Quero amar sem limites
E perdoar a ponto de esquecer-me
Radical, quer dizer pela raiz
O perdão radical gera alegria
Exorciza doenças, mata o medo
Dá poder sobre feras e demônios
Falo. E falo é também membro viril,
Todo léxico é pobre,
Idiomas são pecados;
Poemas, culpas antecipadamente
perdoadas
Eis, esta acácia florida gera angústia
Para livrar-me, empenho-me
Em esgotar-lhe a beleza
Beleza importuna,
Magnífica insuficiência,
Porque ainda convoca
O poema perfeito.
A força da arte faz com que abramos os olhos à maravilha da Criação, a da experiência humana que nos aguarda, diz Adélia Prado.
- E por causa dessa qualidade eterna, dessa imponderabilidade, eu vejo que, para a humanização, a arte está no mesmo caminho da mística ou da fé religiosa: ambas as experiências são independentes da razão: são experiências; a beleza é uma experiência e não um discurso.
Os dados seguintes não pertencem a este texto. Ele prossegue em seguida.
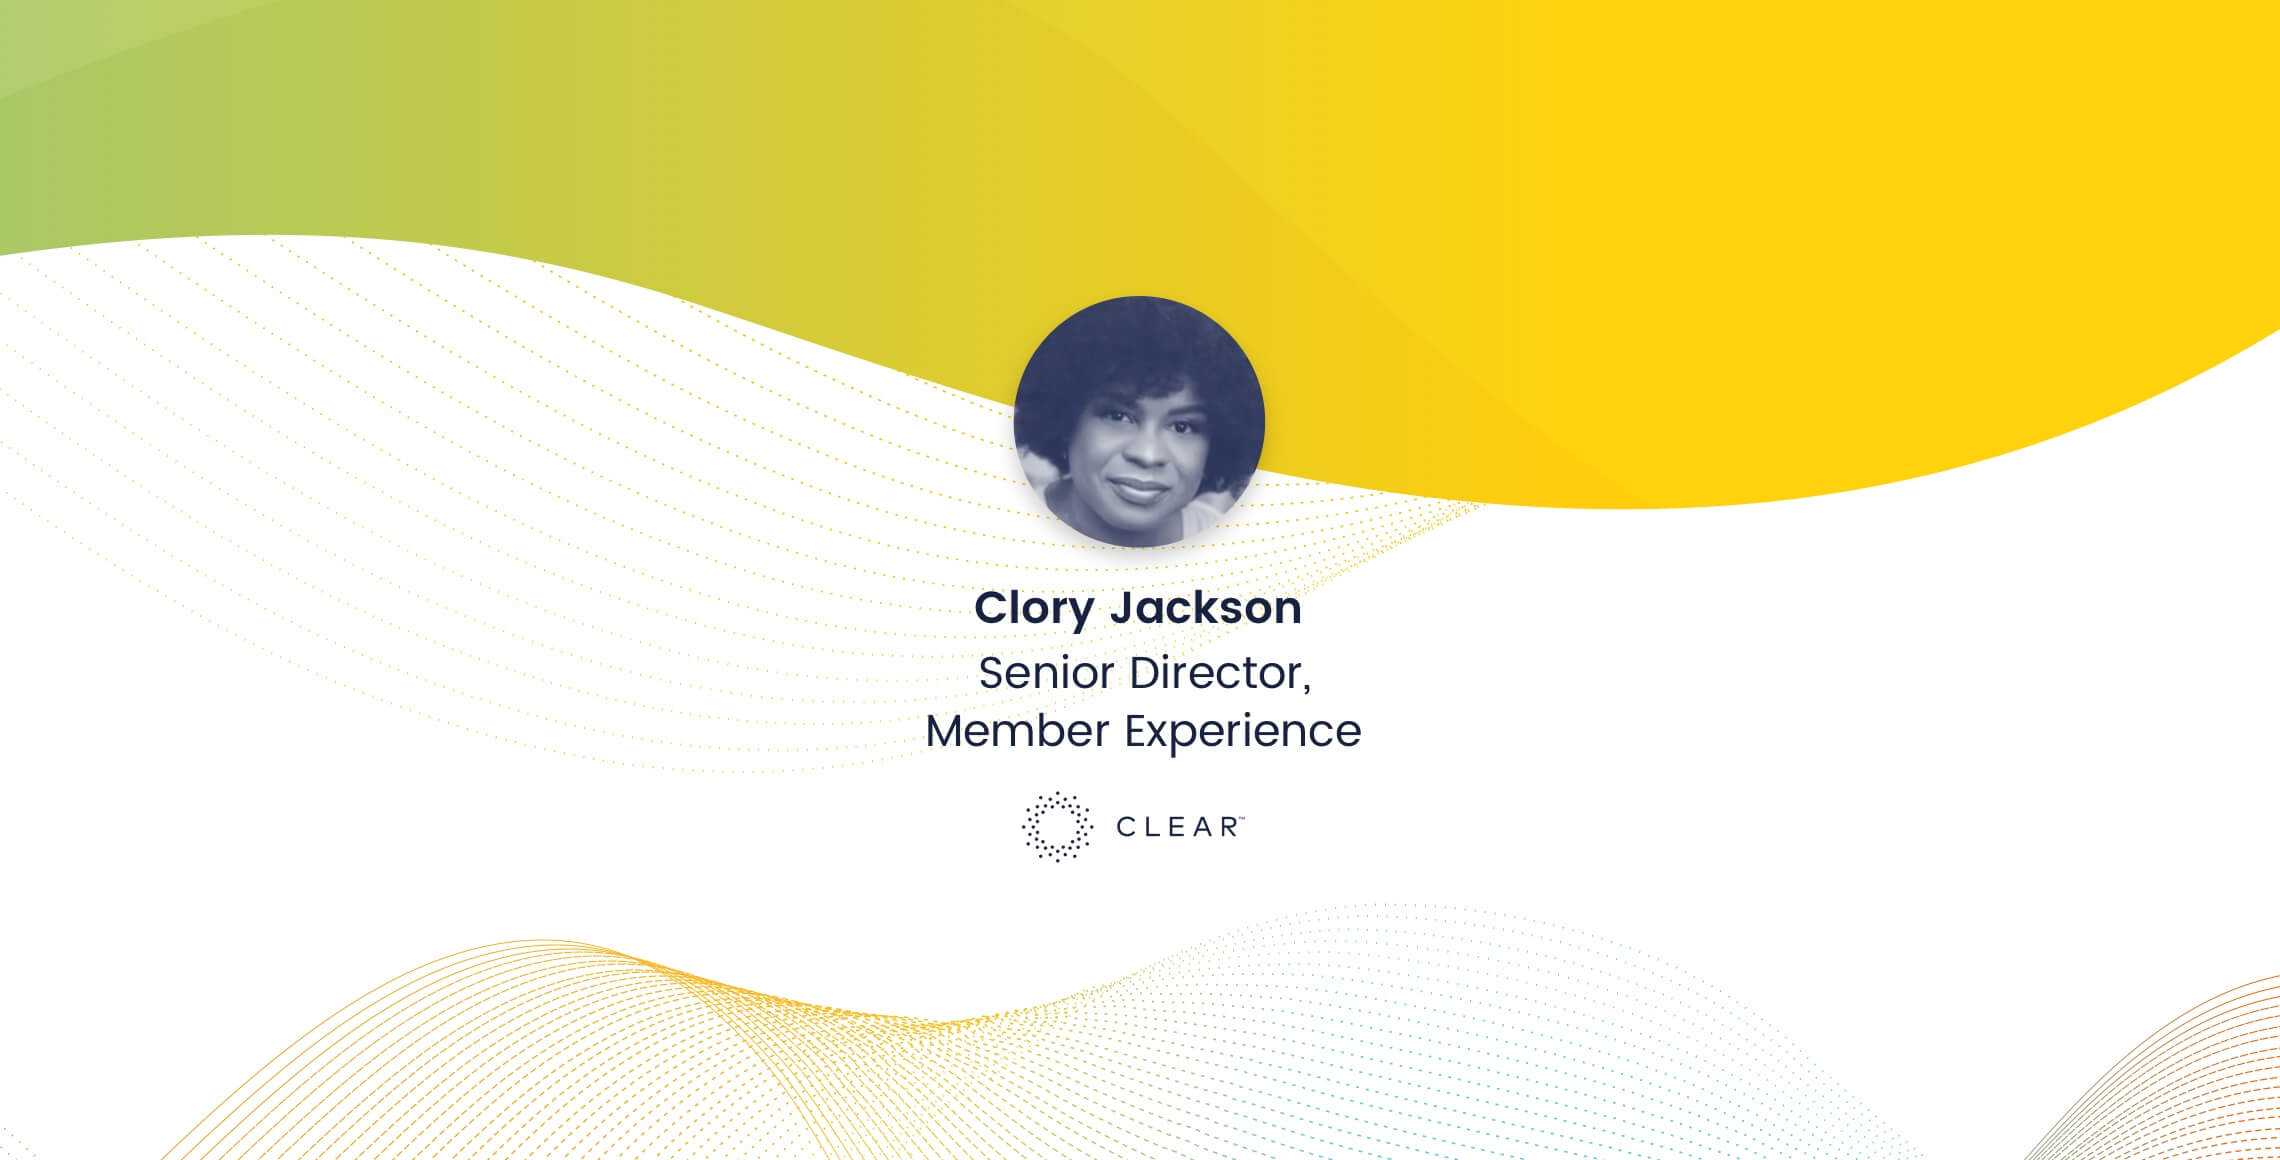 Clory Jackson, Senior Director of Member Experience, Clear

Como quando, exemplifica Adélia, num caminho habitual, nos espantamos com algo (casa, obra, coisa) que já tínhamos visto: "Que beleza! Nunca tinha enxergado isso desse jeito!". É numa situação assim, avisa a poeta, que se pode dar graças: estamos tendo uma experiência poética que é, ao mesmo tempo, religiosa, pois nos liga a um centro de significação e de sentido. Como só Adélia Prado faria.